Pairwise analyses demonstrated that the following exercise interventions were associated with reductions in resting systolic and diastolic BP (P < .001 for all):
- aerobic exercise training (systolic, –4.49 mm Hg; diastolic, –2.53 mm Hg);
- dynamic resistance training (systolic, –4.55 mm Hg; diastolic, –3.04 mm Hg);
- combined training (systolic, –6.04 mm Hg; diastolic, –2.54 mm Hg);
- high-intensity interval training (systolic, –4.08 mm Hg; diastolic, –2.5 mm Hg); and
- isometric exercise training (systolic, –8.24 mm Hg; diastolic, –4 mm Hg).
The rank order of effectiveness based on surface under the cumulative ranking curve (SUCRA) values was isometric exercise training (SUCRA, 98.3%), combined training (SUCRA, 75.7%), dynamic resistance training (SUCRA, 46.1%), aerobic exercise training (SUCRA, 40.5%) and high-intensity interval training (SUCRA, 39.4%), the researchers wrote.

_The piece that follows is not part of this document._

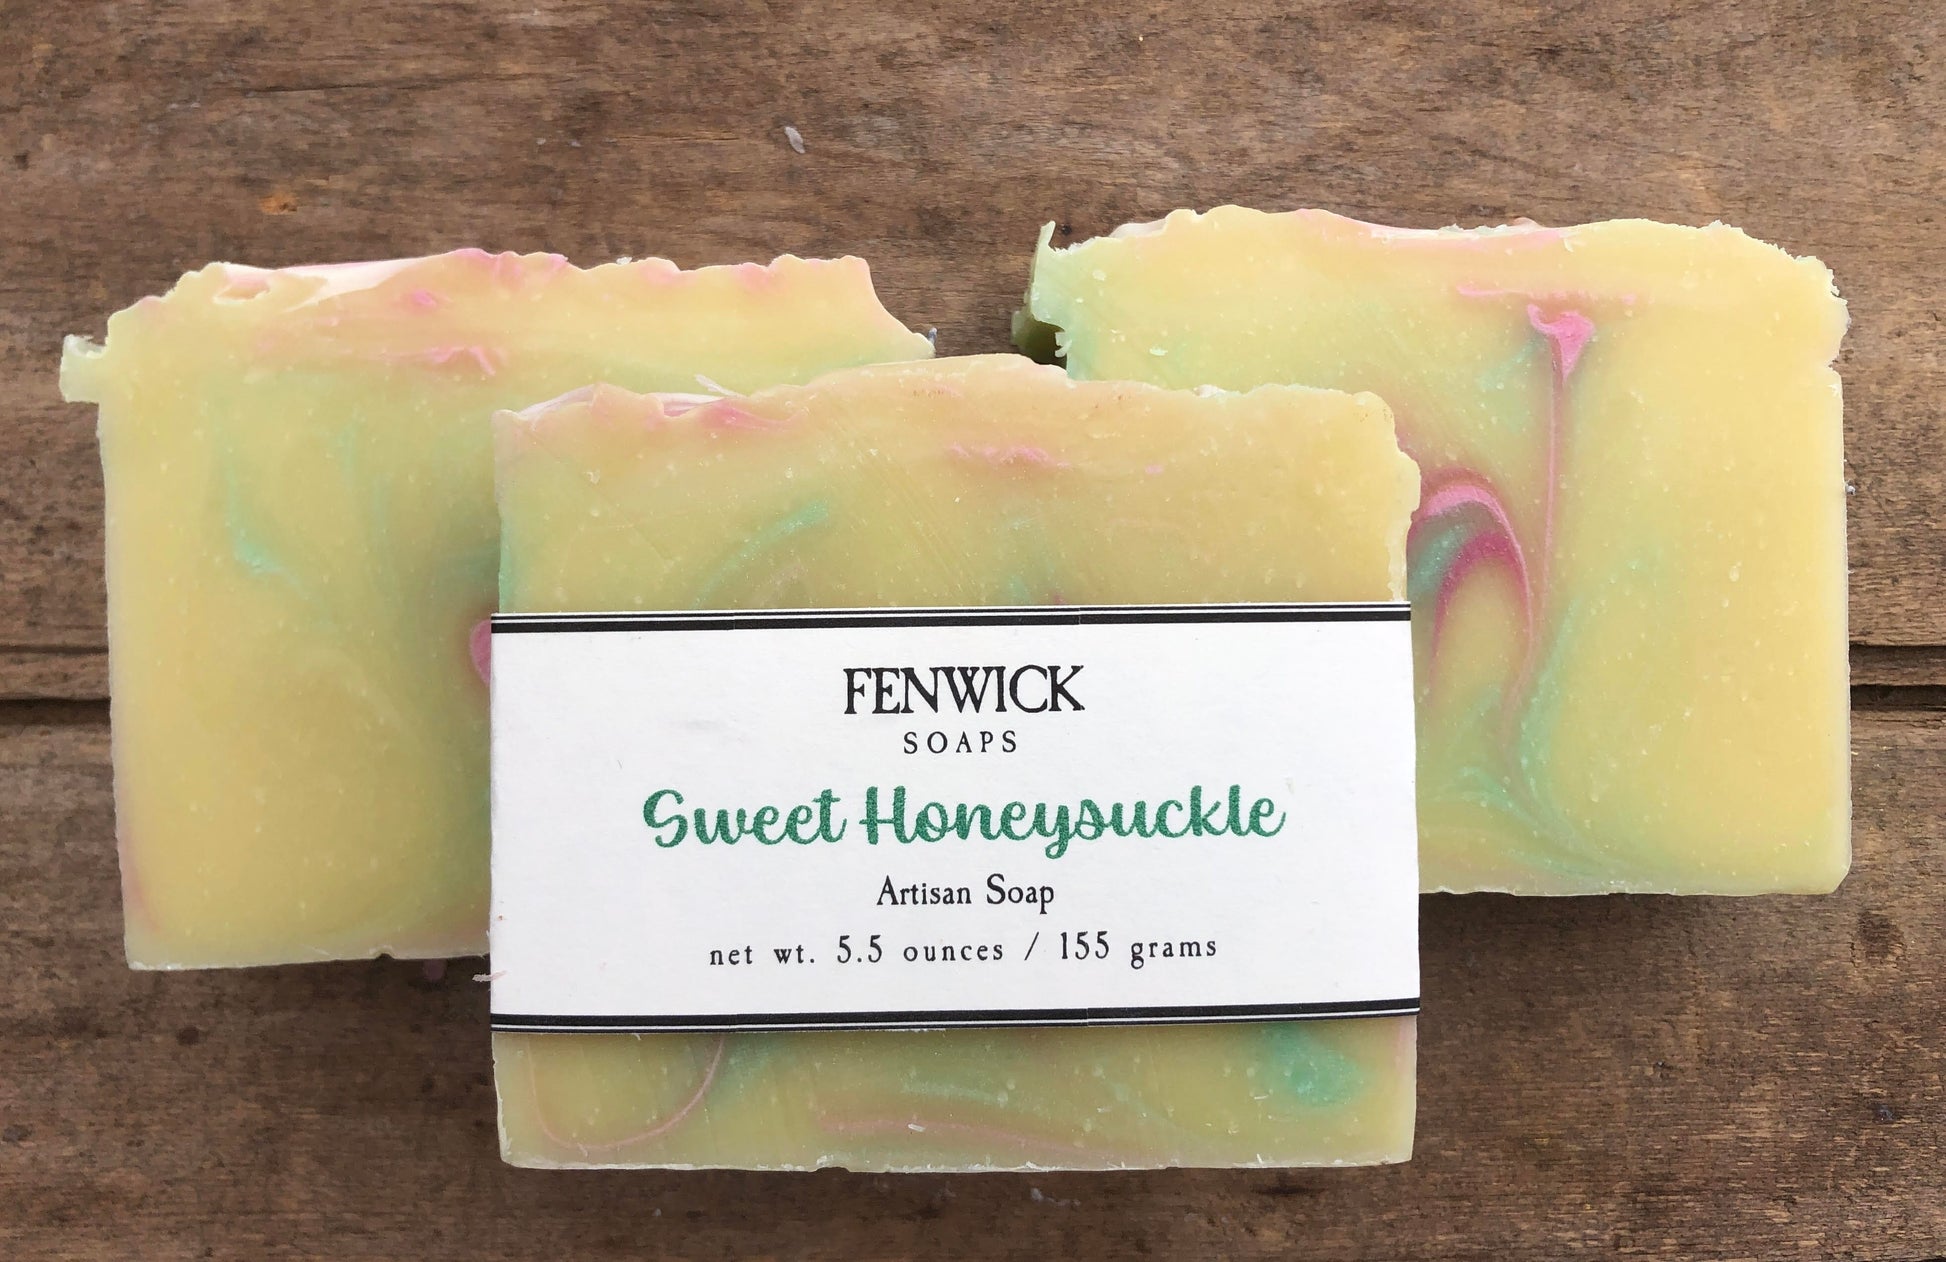 Fenwick Soap - Sweet Honeysuckle - Five and Divine

In secondary network meta-analyses of submodes of exercise training, the most effective submode for reducing systolic BP was isometric wall sits (SUCRA, 90.4%) and the most effective submode for reducing diastolic BP was running (SUCRA, 91.3%), Edwards and colleagues found.
“Aerobic exercise training, dynamic resistance training, combined training, high-intensity interval training and isometric exercise training are all significantly effective in reducing resting systolic BP and diastolic BP,” Edwards and colleagues wrote. “Comparatively, isometric exercise training remains the most effective mode. The findings of this analysis should inform future guideline recommendations.”